4リットルのスチーム爆発反応器(Autoclave Engineers(Erie,PA))は、2つのボール弁によって閉鎖される長さ102mmで計画された80Hastelloy(登録商標)パイプより構成される蒸気ジャケット付き反応器である。追加の電気ヒーターを、反応器のジャケットが付いていない露出された全表面上に設け、かつ前処理の定値温度に制御する。バイオマスを最高の前処理温度まで速やかに誘導するため、直接蒸気注入も用いられる。

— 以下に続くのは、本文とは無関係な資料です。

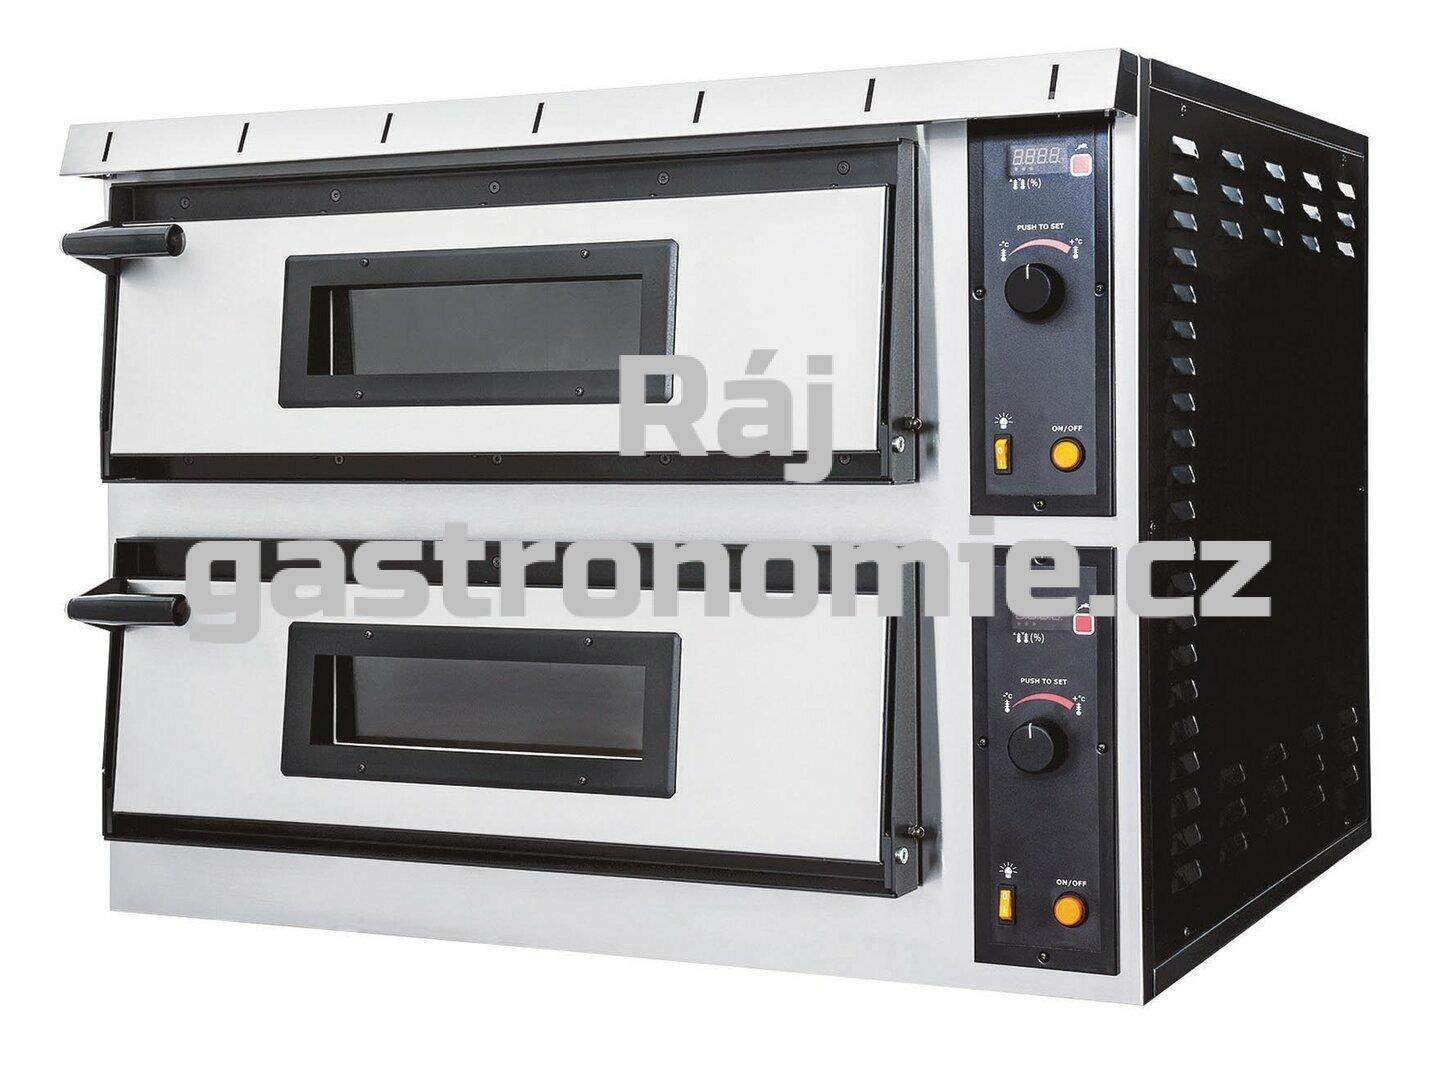 Pizza pec PLUS XL 44 DIGI/TR
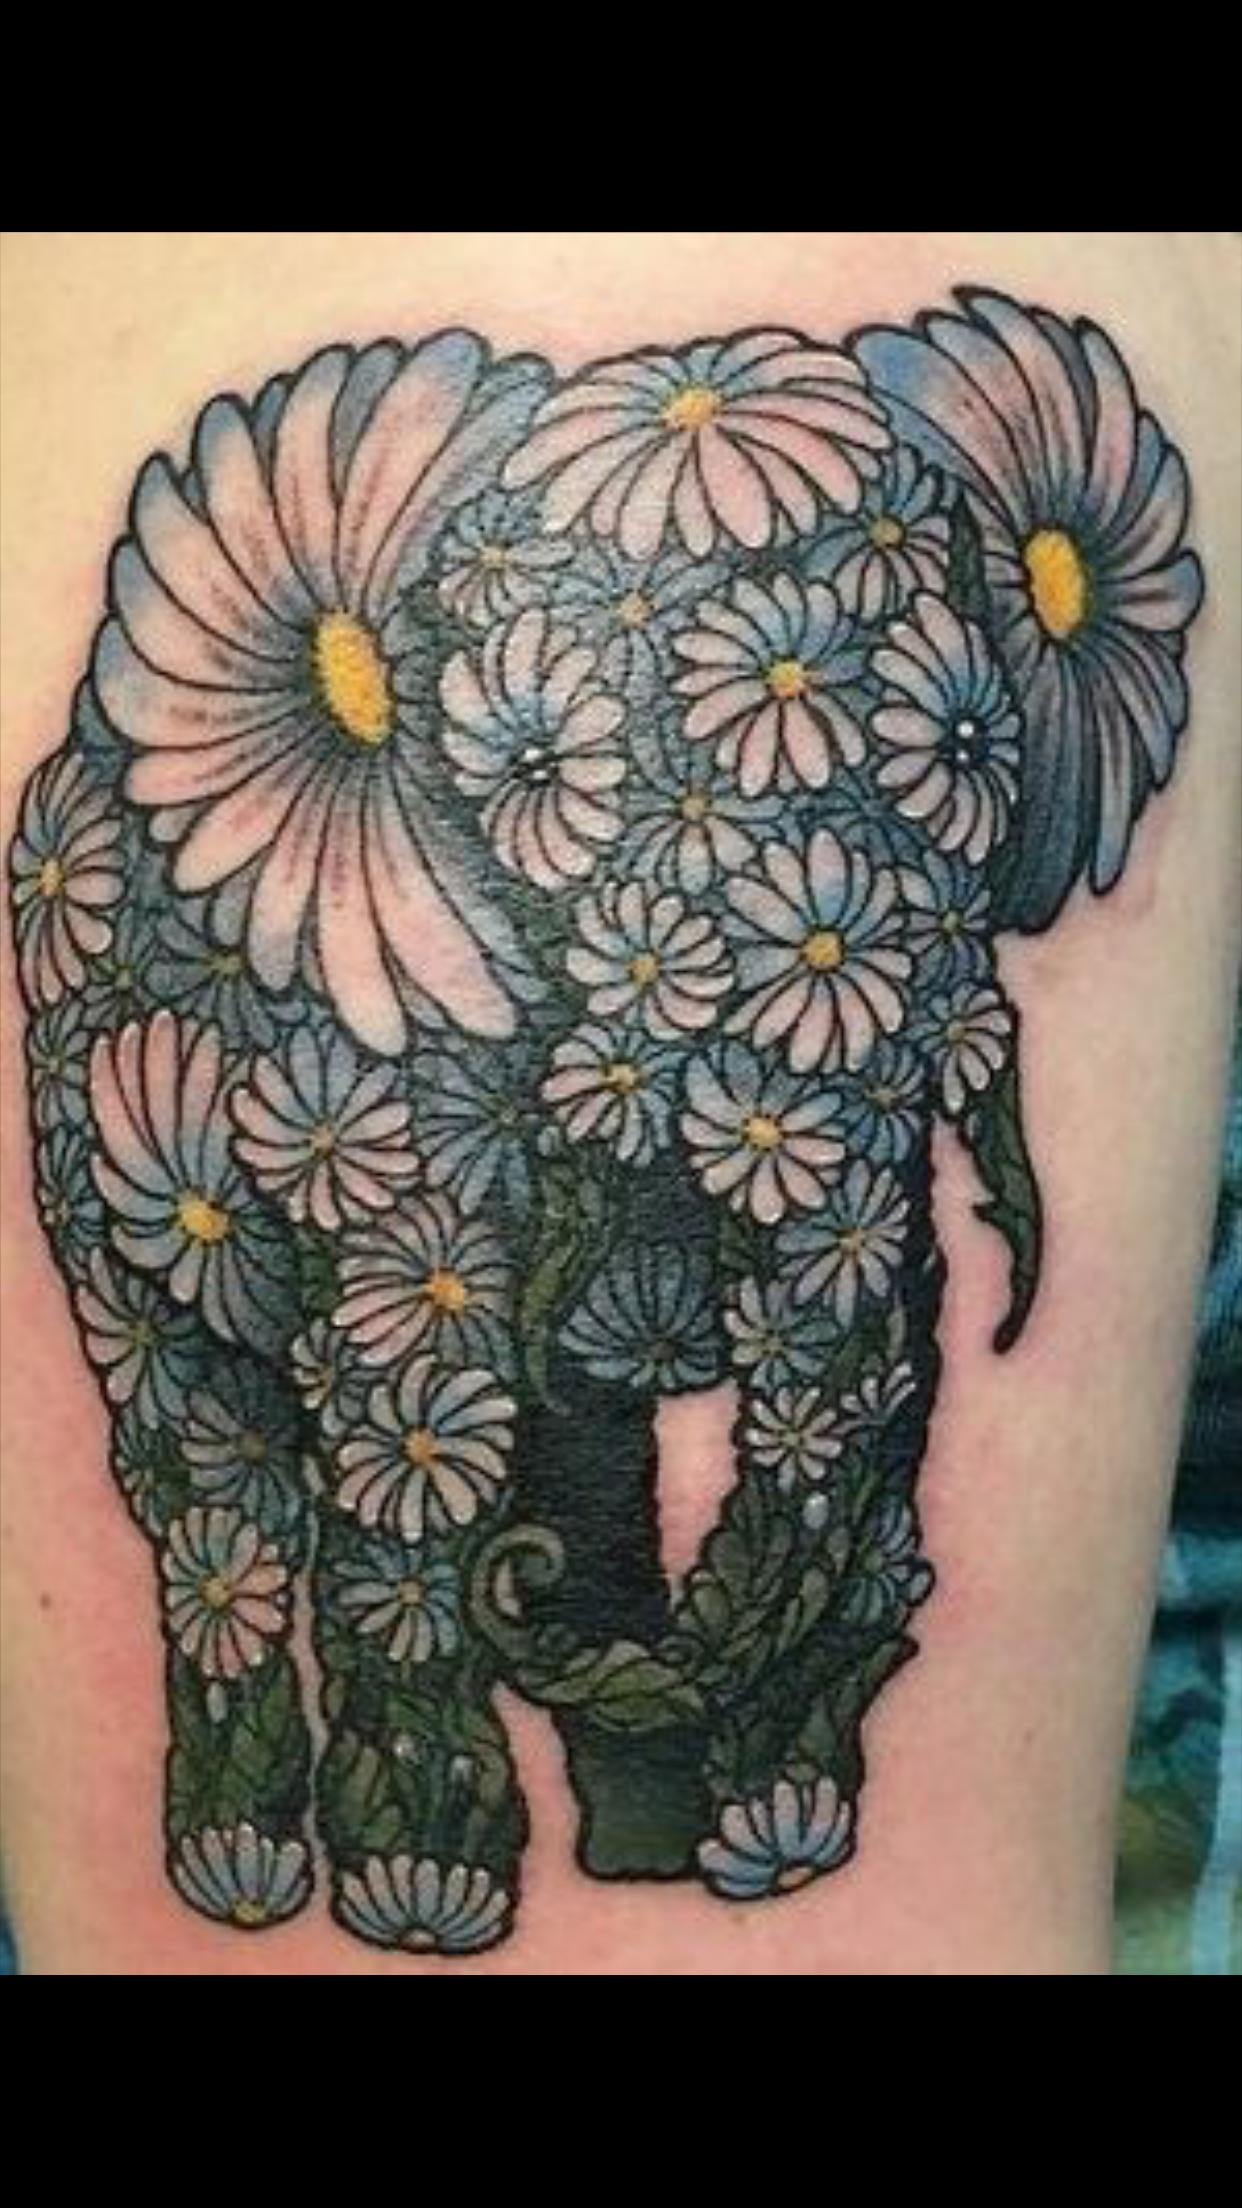 Pin by Anıl Yıldırım on Elephant tattoo ideas Daisy

蒸気圧を調節および制御し、所望の前処理温度を維持する。反応器の底部を51mmにネックダウンする。すべての前処理した材料を、反応器の底部で交換可能なダイを通して排出させ、厚肉のジャケット付き冷却フラッシュタンク内部で支持された0.21m3のナイロン(Hotfill(登録商標))製バッグ内に回収する。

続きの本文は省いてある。